South Korea: Expedited Approval by MFDS

South Korea’s Ministry of Food and Drug Safety (MFDS) operates a Fast-Track Designation System for rare diseases under the Pharmaceutical Affairs Act. Key features include:

• Reduced clinical trial duration requirements
• Priority review for Investigational New Drug (IND) and New Drug Application (NDA) submissions
• Rolling review for certain sections of the dossier

MFDS also provides customized consultation services for sponsors developing products for rare pediatric conditions and ultra-orphan diseases.

Australia: TGA Priority Review and Provisional Approval

The Therapeutic Goods Administration (TGA) in Australia offers two expedited options:

• Priority Review: For life-threatening or seriously debilitating diseases, including rare conditions. Approval in 150 working days instead of 255.
• Provisional Approval: Based on early clinical data; valid for 2 years with possible extensions. Requires confirmatory evidence post-approval.

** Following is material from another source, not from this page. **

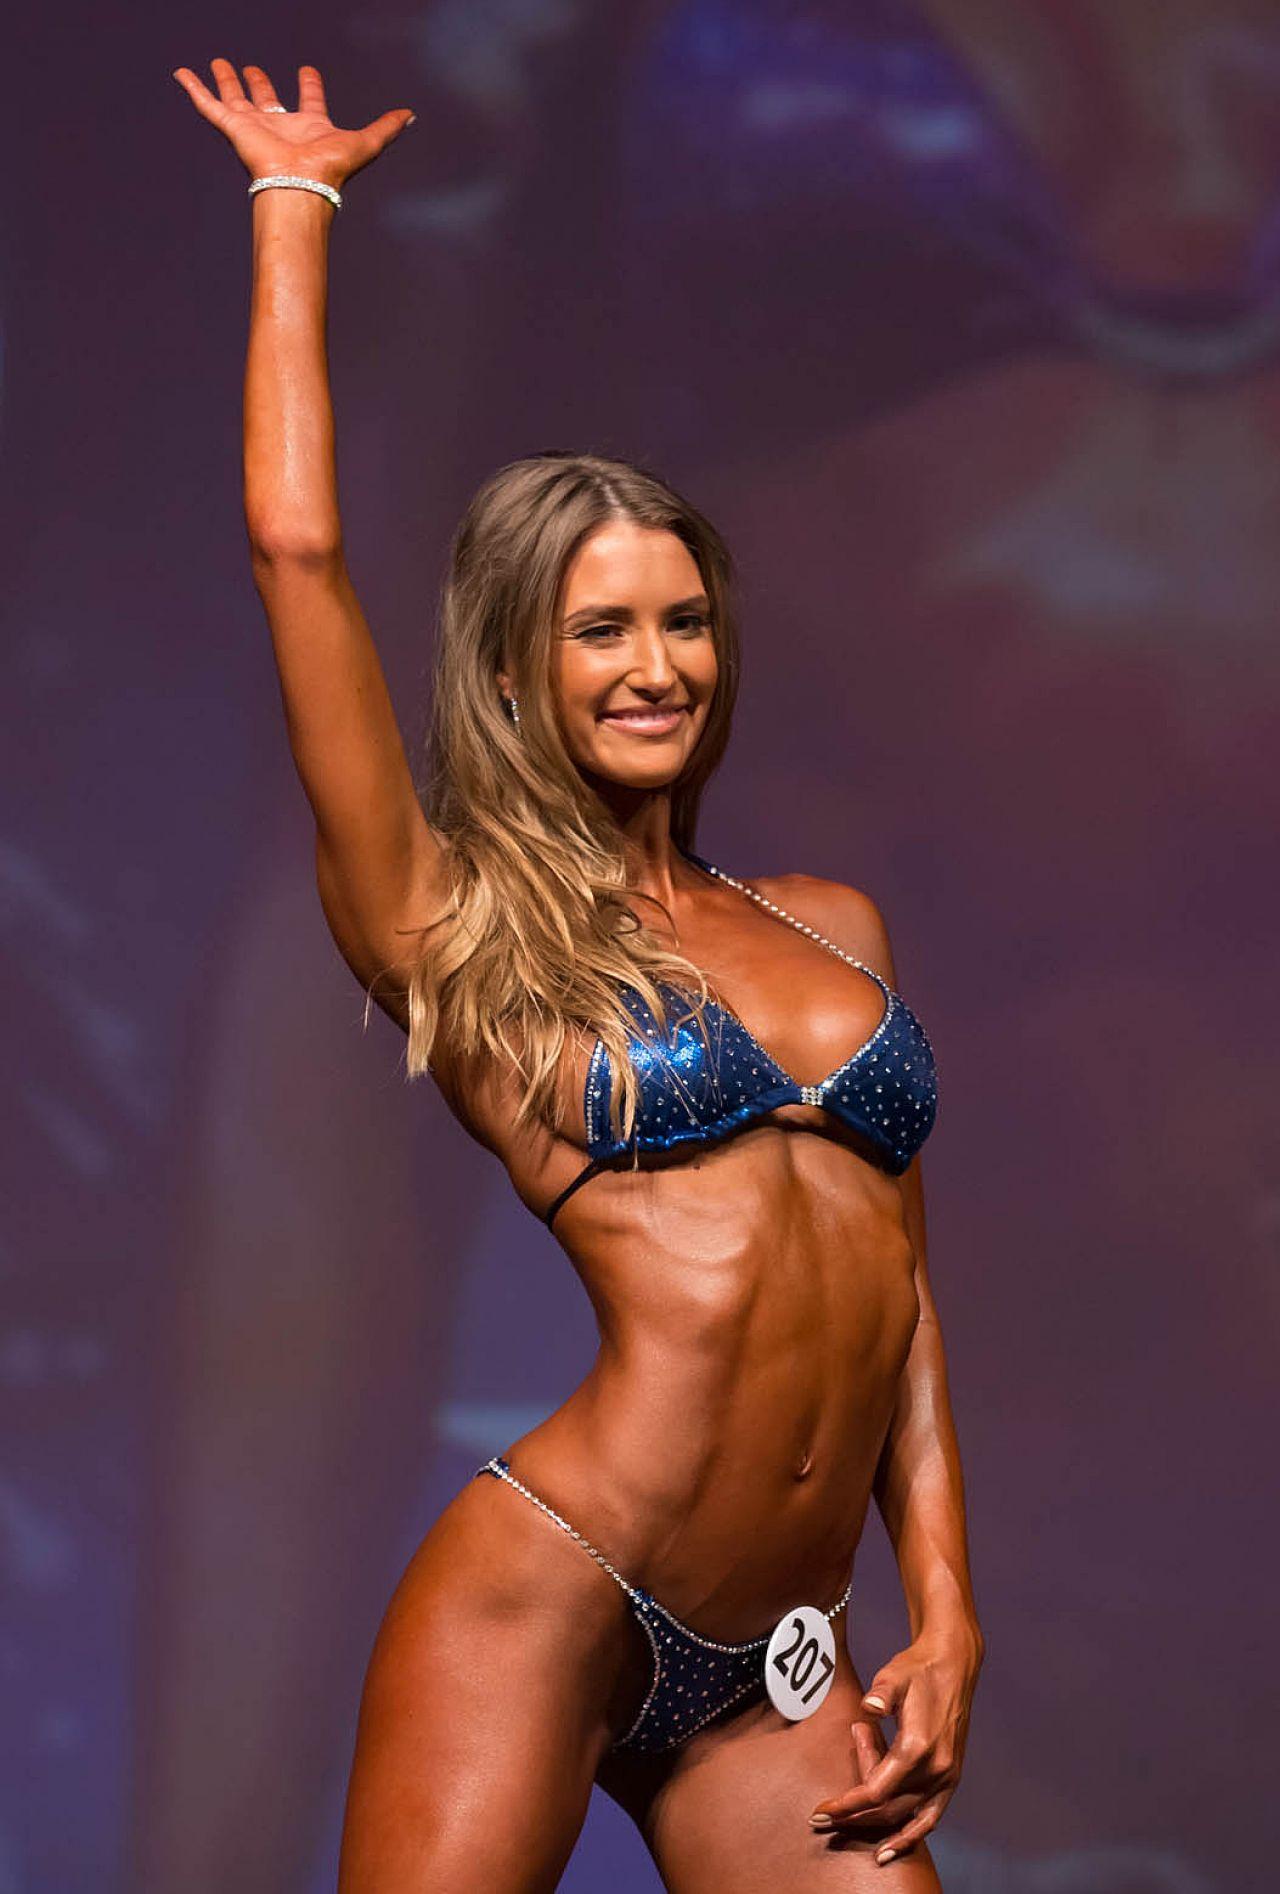 danica-thrall-2014-miami-pro-fitness-ms-bikini_10.jpg

Both pathways are frequently used by sponsors of gene therapies, enzyme replacement products, and targeted treatments for rare neurological disorders.

External Resource

Visit the Australia and New Zealand Clinical Trials Registry (ANZCTR) to explore ongoing rare disease studies in the region.

Singapore: Special Access Routes and Expedited Review

The Health Sciences Authority (HSA) in Singapore operates a Priority Review Scheme for new chemical entities addressing rare or serious conditions. Features include:

• Target review time: 120 days (vs. standard 270)
• Accelerated clinical trial authorization for local studies
• Bridging data acceptance from foreign regulatory authorities (e.g., FDA, EMA)

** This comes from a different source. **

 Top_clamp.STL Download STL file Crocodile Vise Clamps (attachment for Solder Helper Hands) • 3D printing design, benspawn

Additionally, the Special Access Route (SAR) allows compassionate use of unregistered therapies in life-threatening cases, relevant for ultra-rare disorders with no local treatments.

China: Conditional Approval and Breakthrough Designation

China’s National Medical Products Administration (NMPA) has implemented progressive reforms to support rare disease drug development. Notable mechanisms include:

• Breakthrough Therapy Designation (BTD): For drugs showing significant early clinical benefit. Offers rolling review, multi-round agency engagement, and shortened approval timelines.
• Conditional Approval: Grants marketing based on Phase II data for urgent public health needs, with post-approval requirements.

China also maintains a rare disease list (121 conditions as of latest update), and inclusion enhances regulatory priority for trial approval and data review.

Harmonization Efforts in ASEAN and APEC

Efforts to harmonize regulatory processes for rare diseases are ongoing under regional frameworks:

• ASEAN Common Technical Dossier (ACTD): Enables consistent submission format across Southeast Asian countries.
• Asia-Pacific Economic Cooperation (APEC): Supports regulatory convergence and capacity-building for rare disease product evaluation.

Participation in pilot programs like the APEC Regulatory Harmonization Steering Committee offers opportunities for early dialogue and cross-border trial facilitation.

Strategic Considerations for Sponsors

To leverage expedited pathways in APAC, sponsors should:

• Engage local regulatory consultants with in-depth knowledge of national programs
• Sequence submissions to align with agency-specific review timelines
• Incorporate region-specific clinical endpoints and local epidemiology data
• Prepare for ethics committee and hospital-level approvals, which may vary by country

Cross-functional regulatory planning—including coordination with CROs, investigators, and legal teams—is essential for multi-country execution.

Conclusion: Asia-Pacific as a Strategic Opportunity in Rare Disease Development

Asia-Pacific’s diverse regulatory landscape offers both challenges and opportunities. With increasing rare disease awareness, more APAC countries are aligning with global standards while also providing unique incentives and fast-track options.

Sponsors who proactively study and integrate these pathways into their development strategy can shorten time to trial initiation, gain early market access, and provide life-saving therapies to patients with high unmet medical needs across the region.